SUPPLIED DATA:
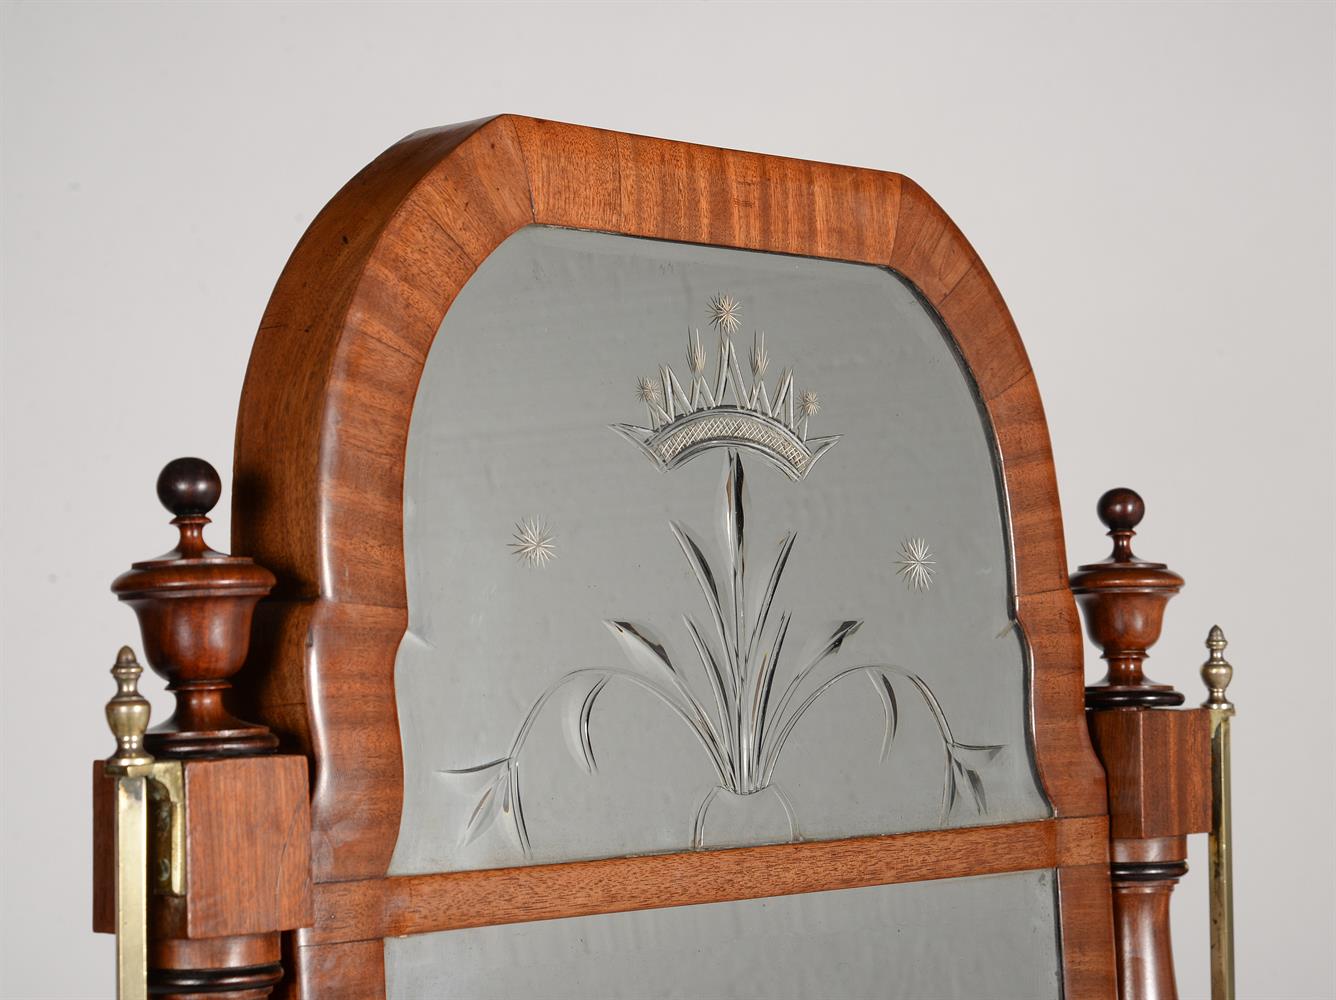 A REGENCY MAHOGANY AND EBONISED CHEVAL MIRROR, IN THE MANNER OF GILLOWS, CIRCA 1815 - Image 3 of 5
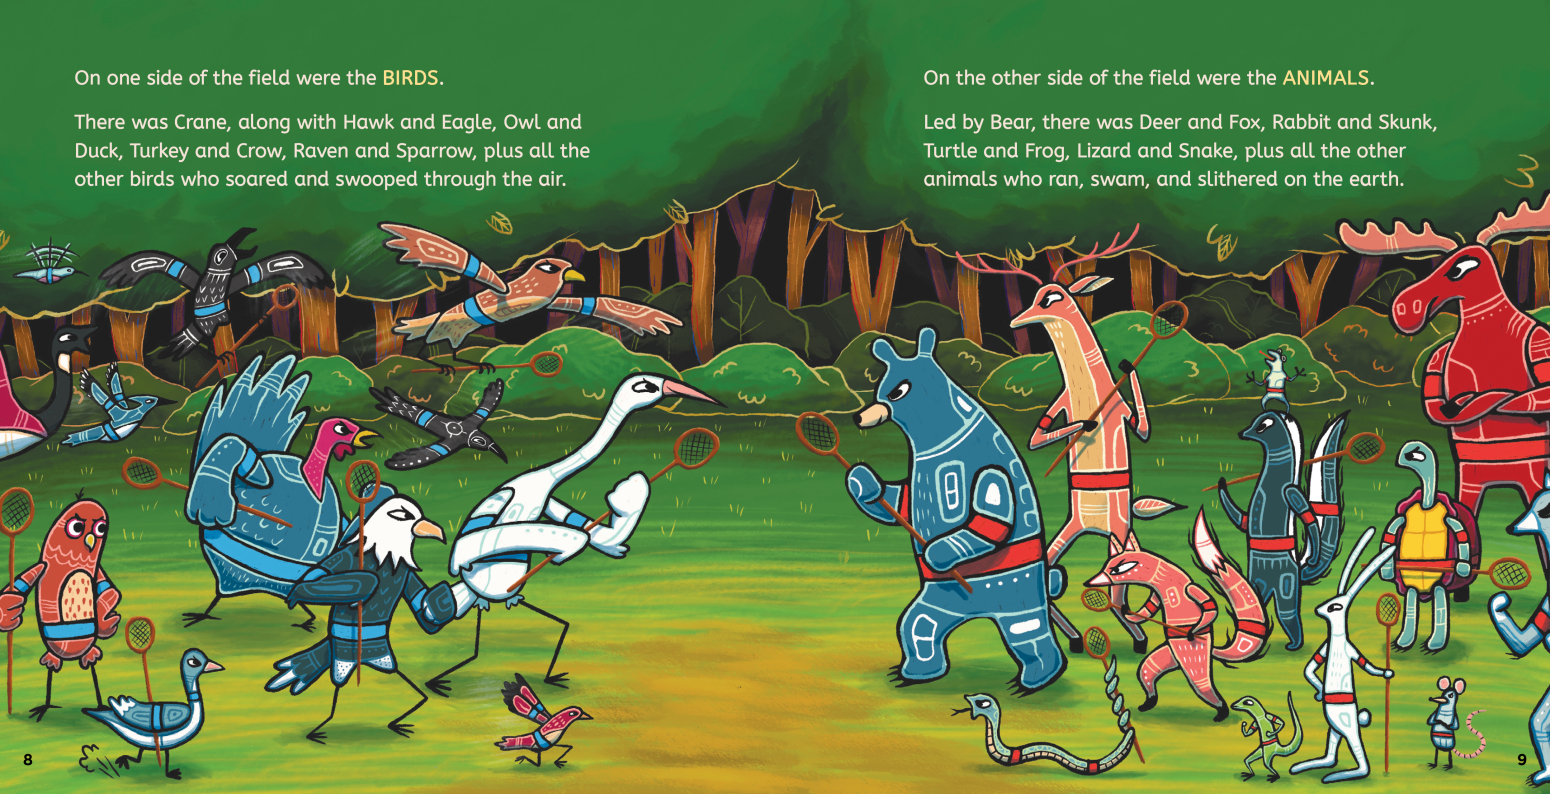 A standoff in a forest, with birds on the left side and animals on the ride side. Both groups glare at each other.
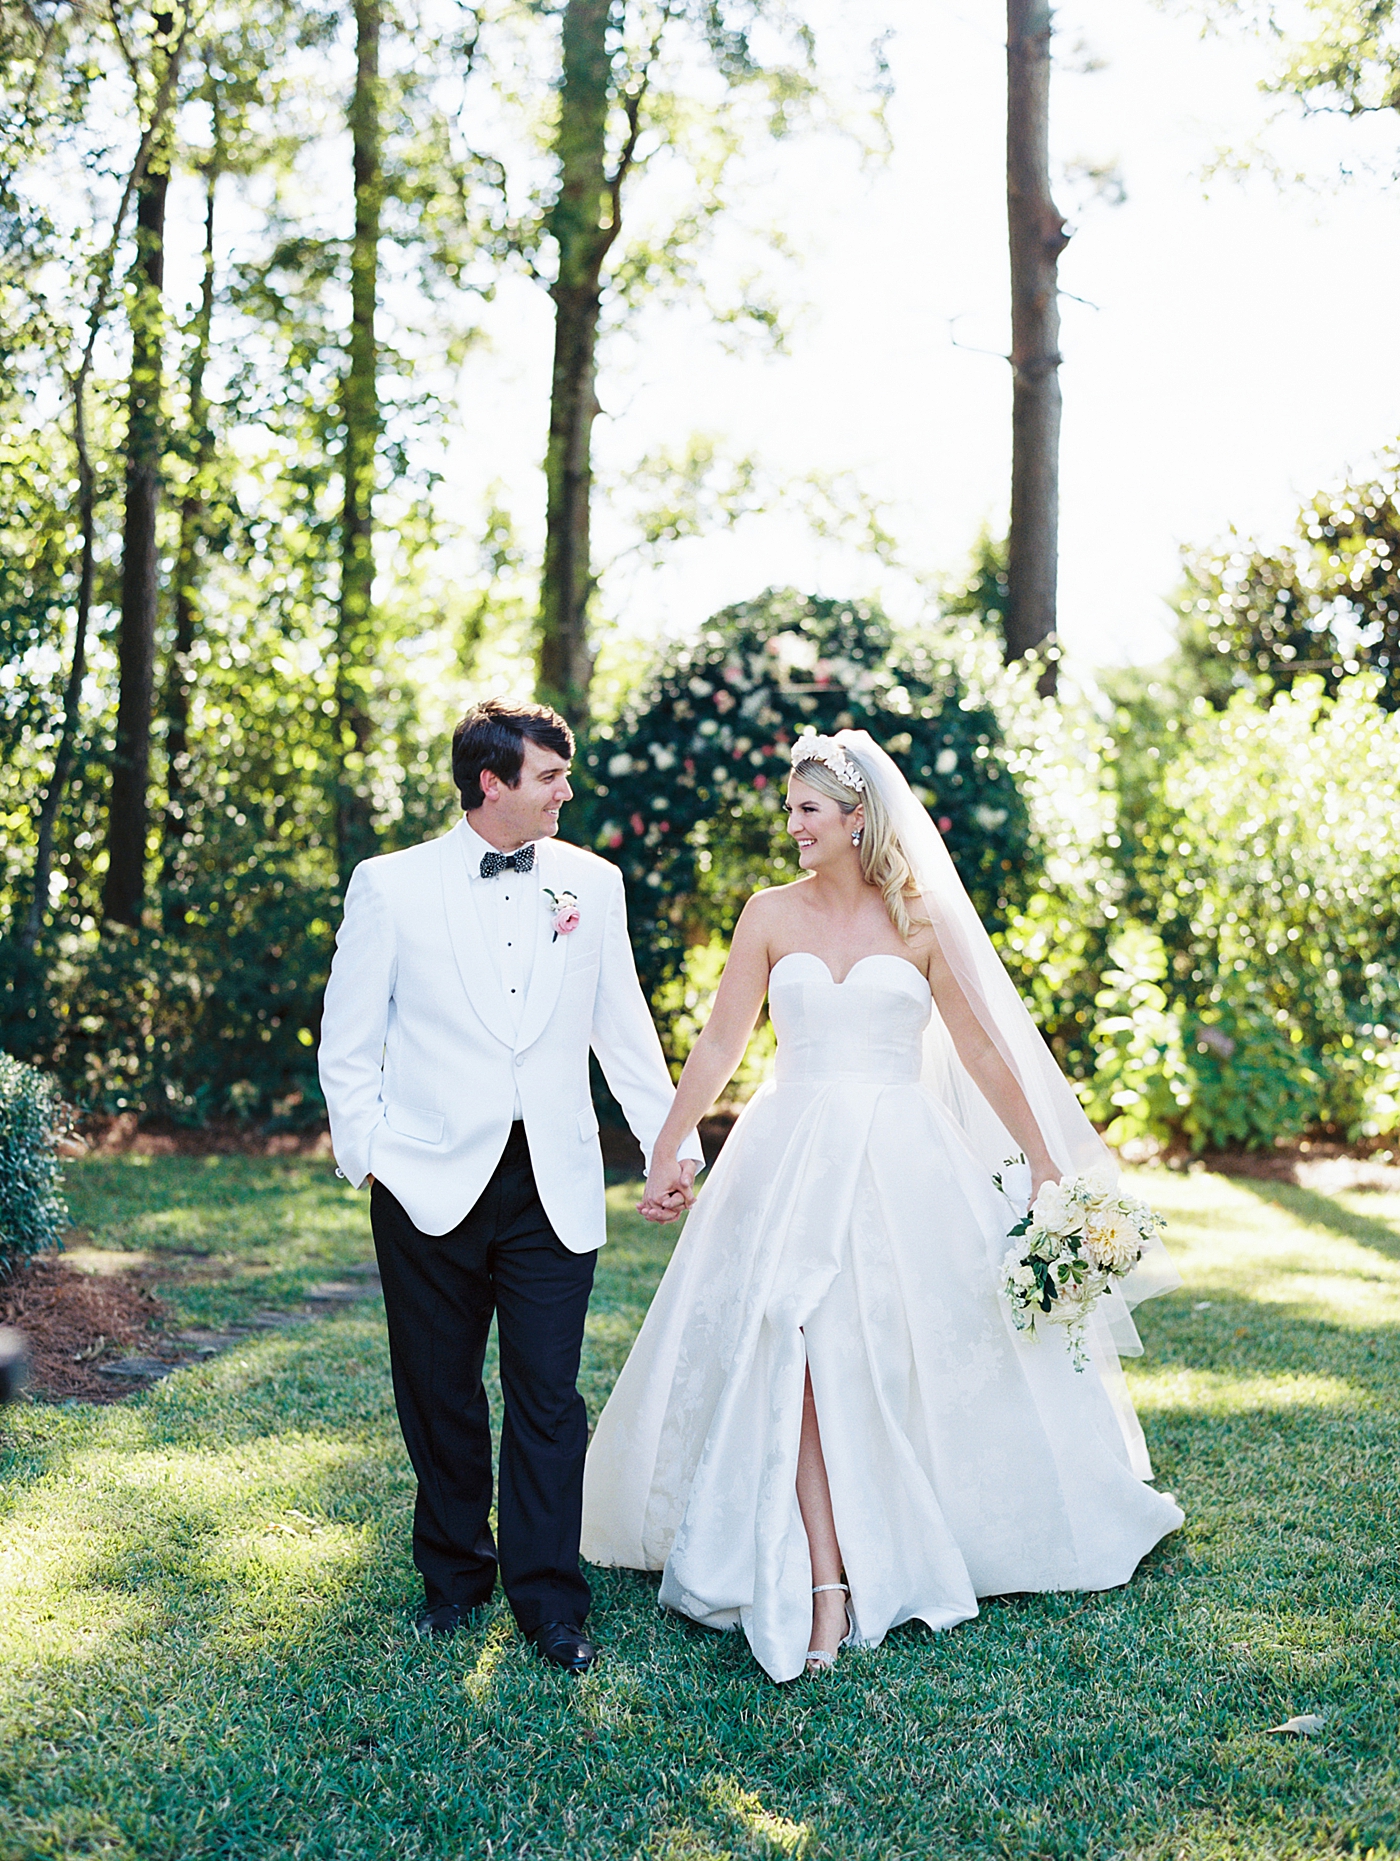 Bride and groom walking holding hands | Image by Annie Laura Photo

TO DO:
Pass over the images and copy the rest of the material above exactly.

RESPONSE AREA:
 A REGENCY MAHOGANY AND EBONISED CHEVAL MIRROR, IN THE MANNER OF GILLOWS, CIRCA 1815 - Image 3 of 5
 A standoff in a forest, with birds on the left side and animals on the ride side. Both groups glare at each other.
 Bride and groom walking holding hands | Image by Annie Laura Photo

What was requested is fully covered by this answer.